### Exercise brief
Print, please, exactly the lines from the one with "Palliser Leather Reclining" through the final line of the data below, with both ends included and the pictures left out.

### Stored data
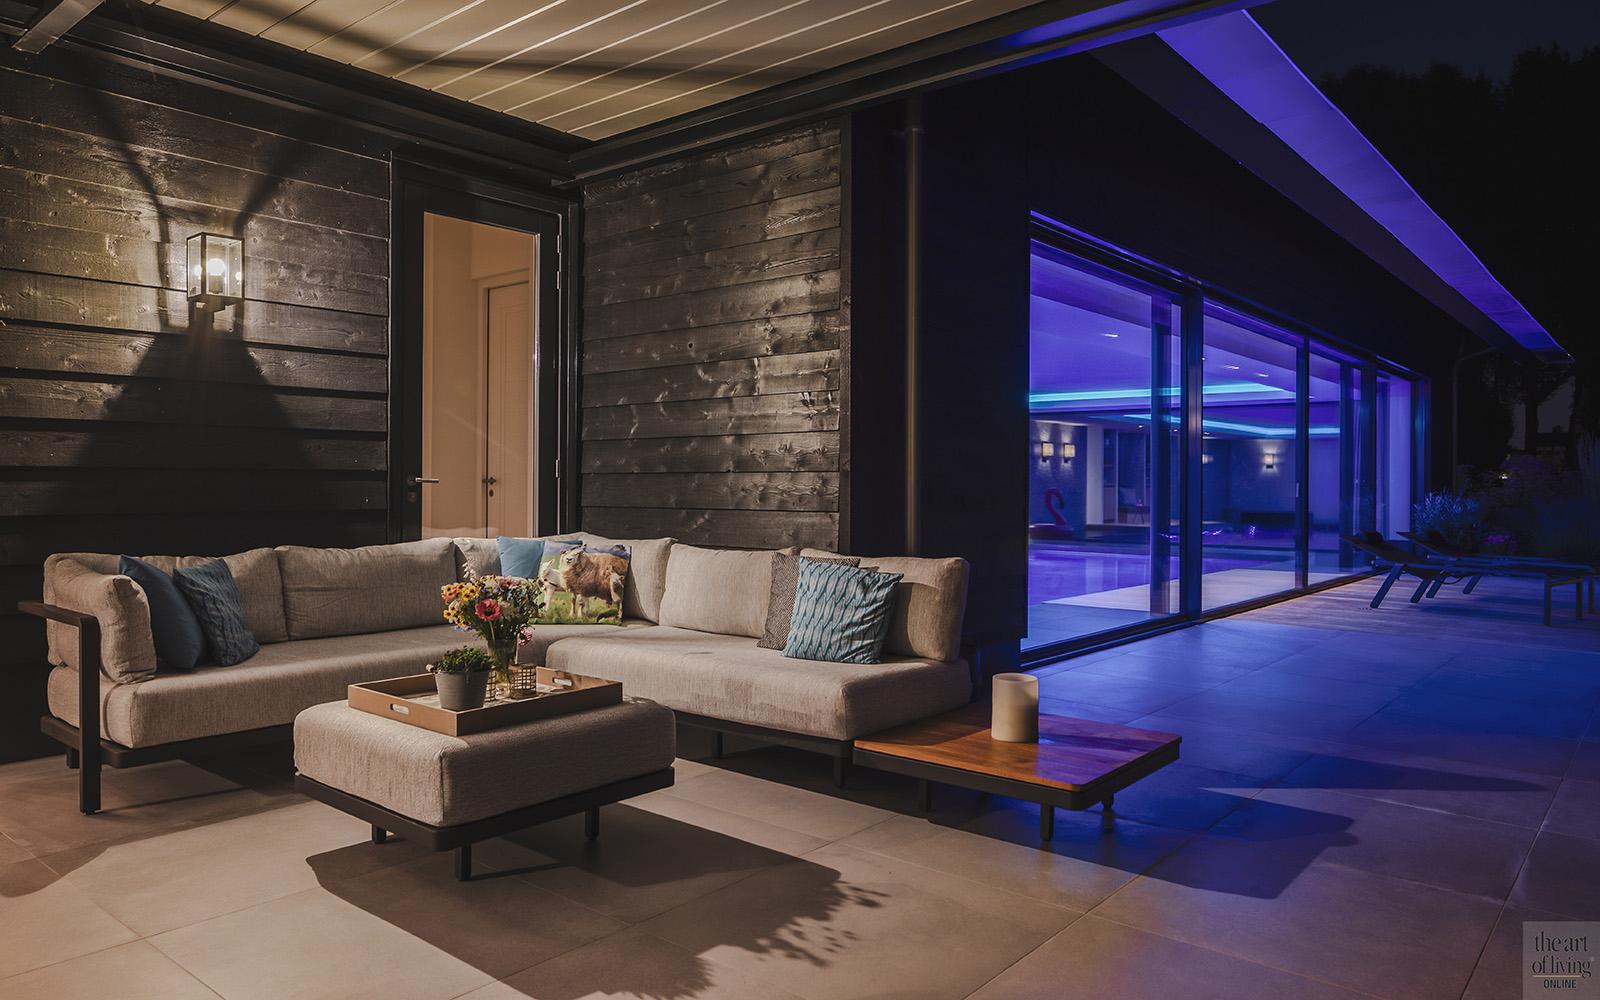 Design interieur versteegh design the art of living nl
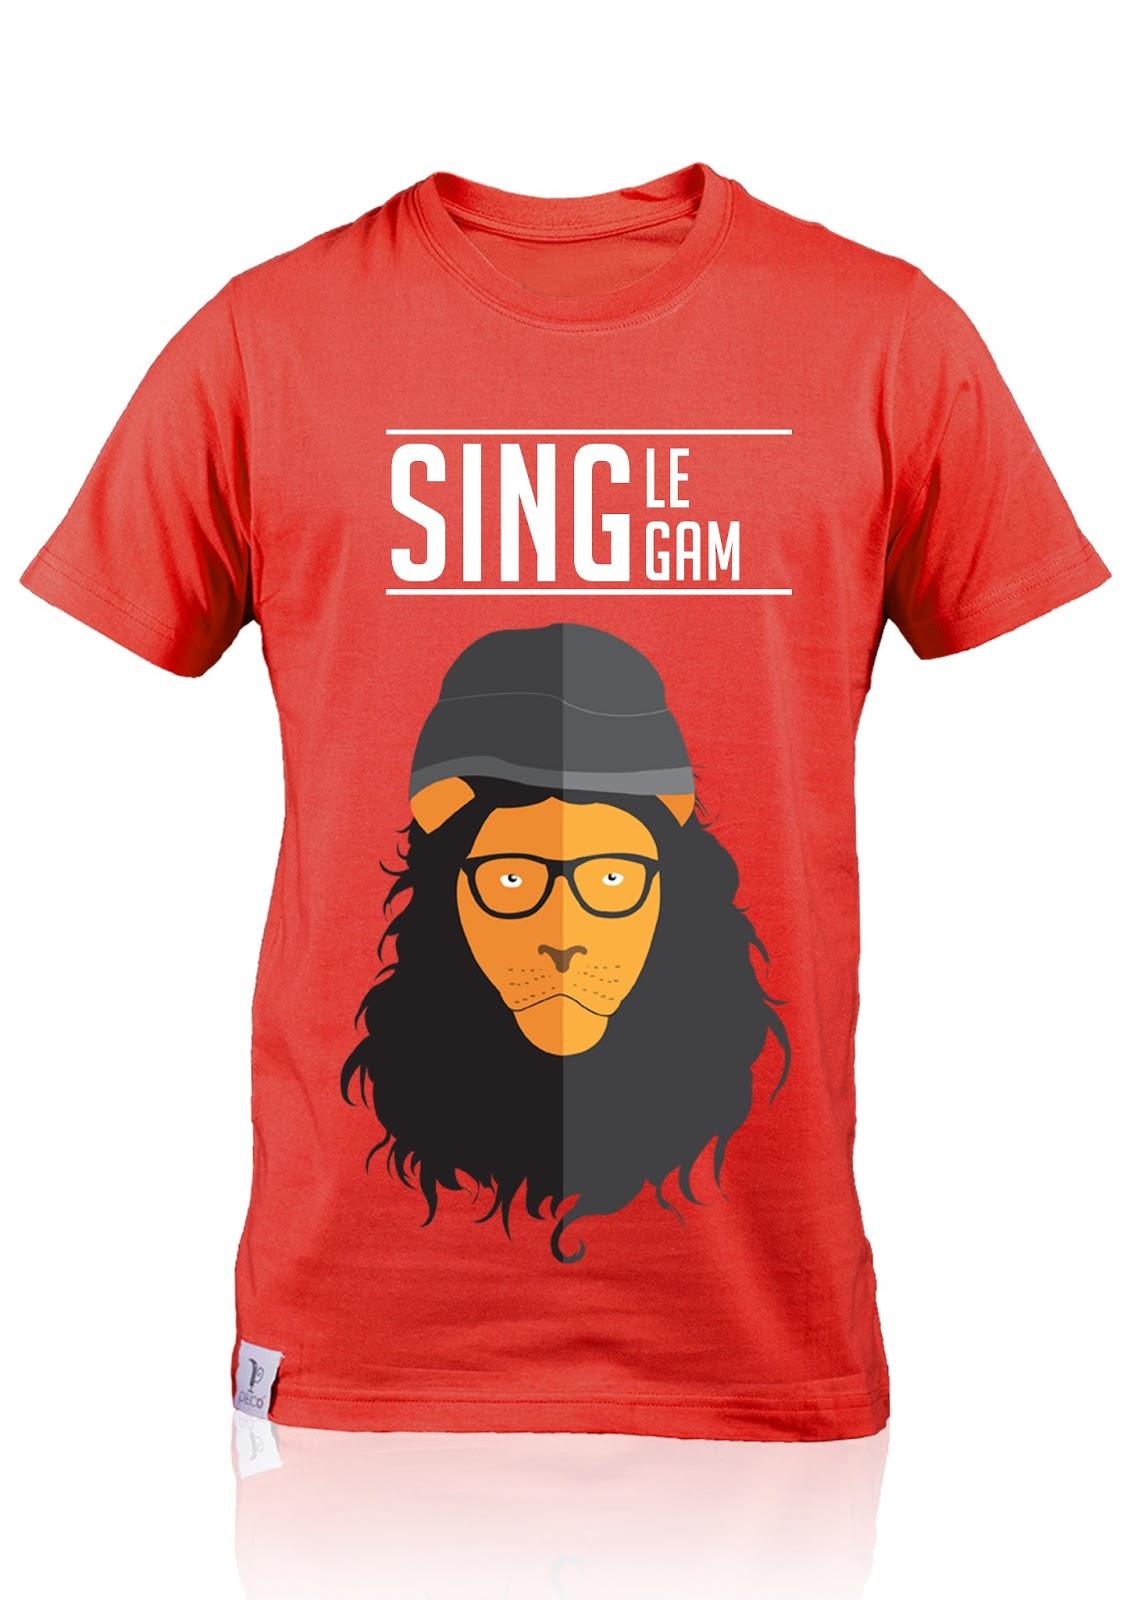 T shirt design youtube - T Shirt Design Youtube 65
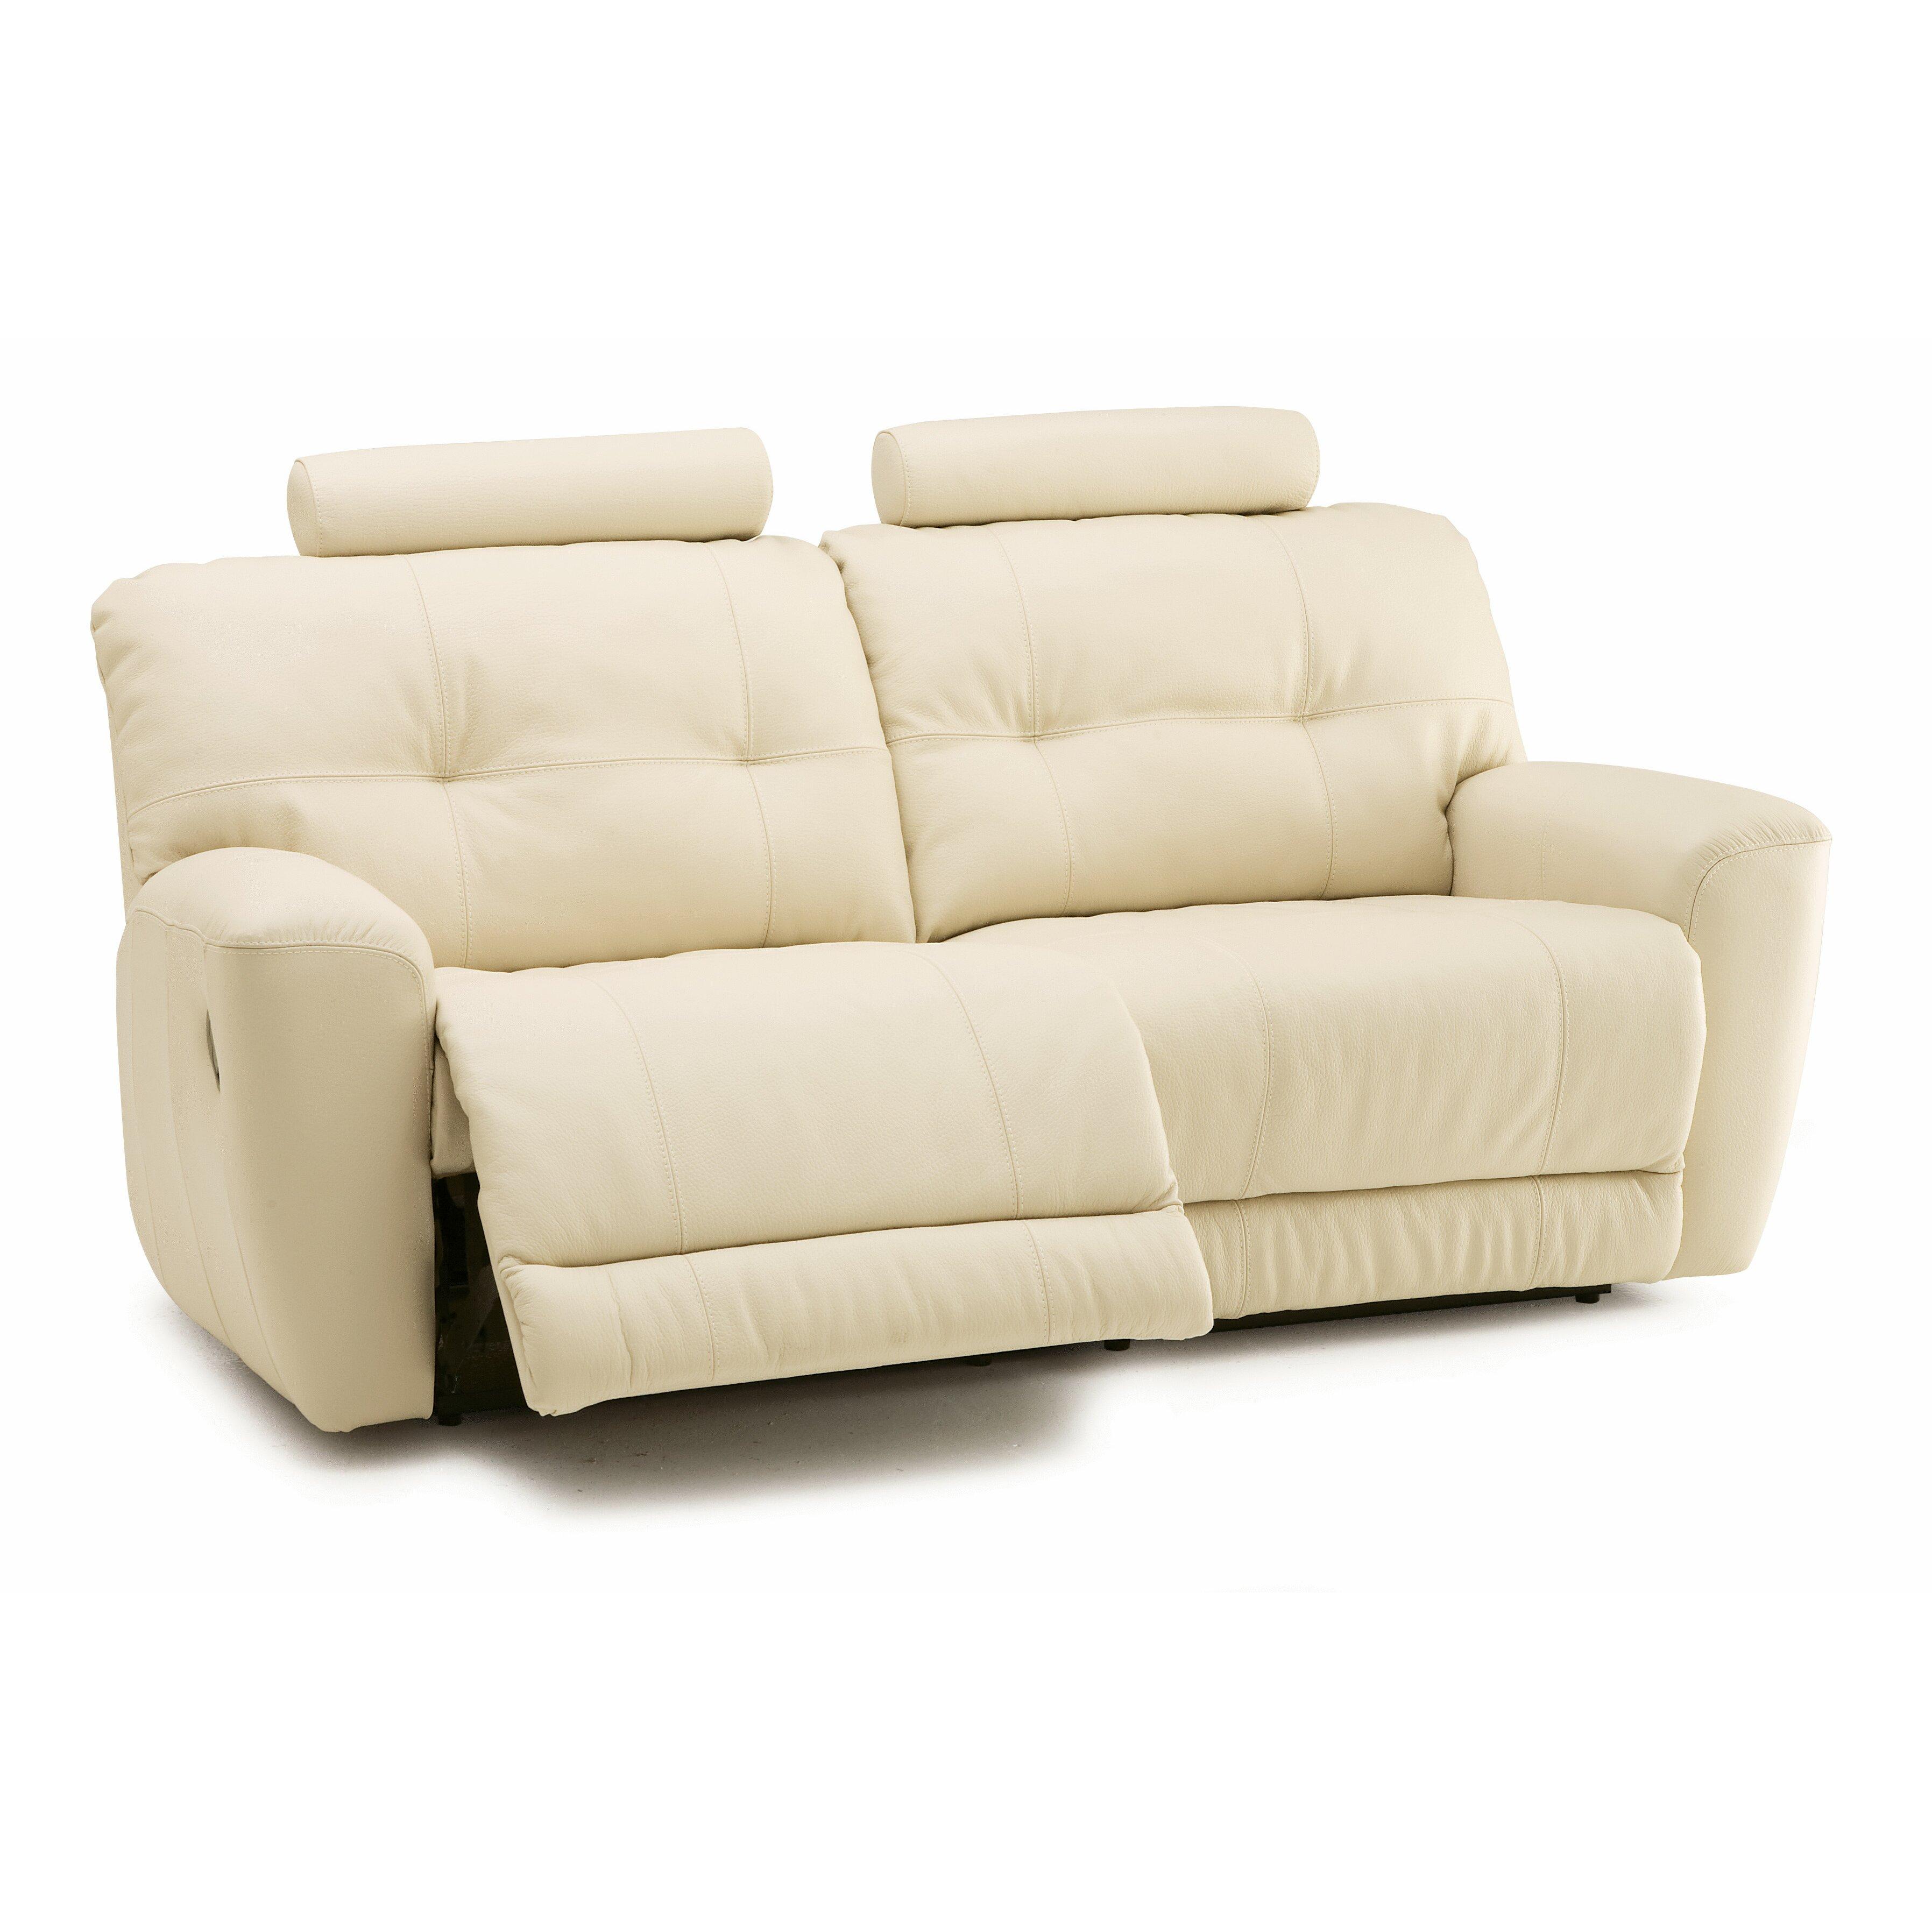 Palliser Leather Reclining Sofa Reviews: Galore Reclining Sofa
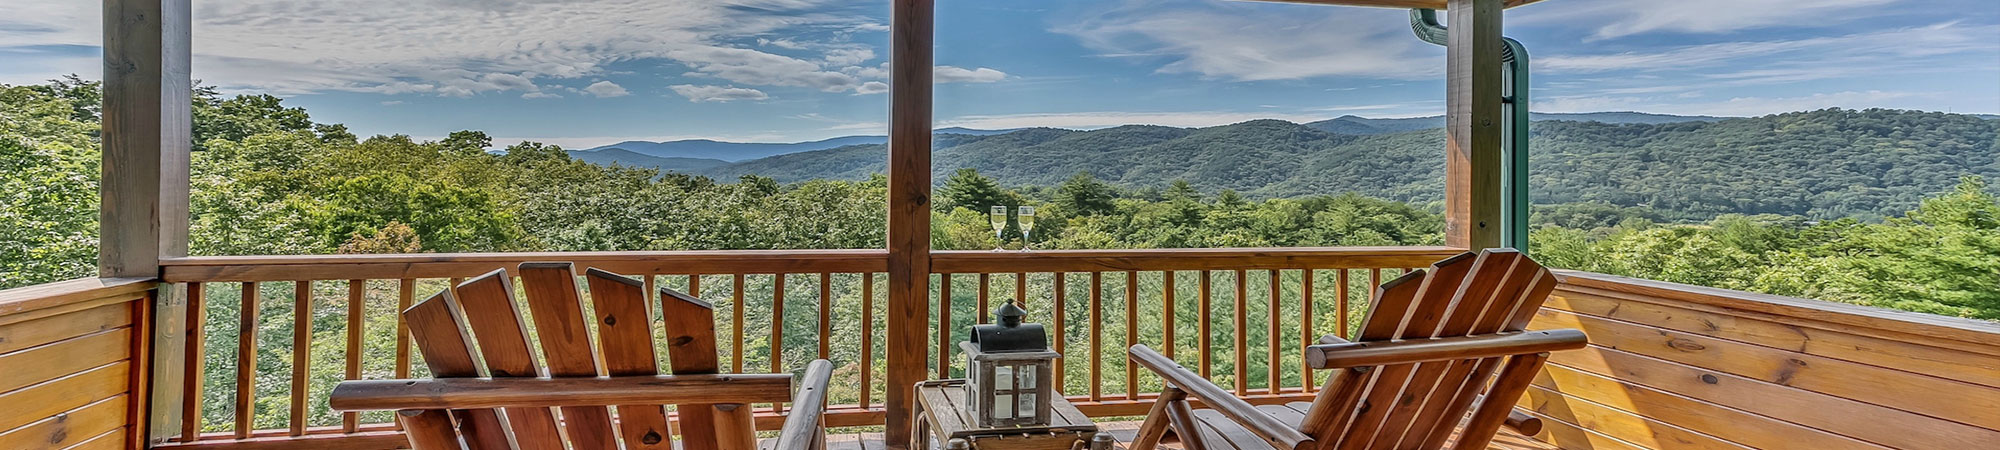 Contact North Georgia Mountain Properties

### Written answer
 Palliser Leather Reclining Sofa Reviews: Galore Reclining Sofa
 Contact North Georgia Mountain Properties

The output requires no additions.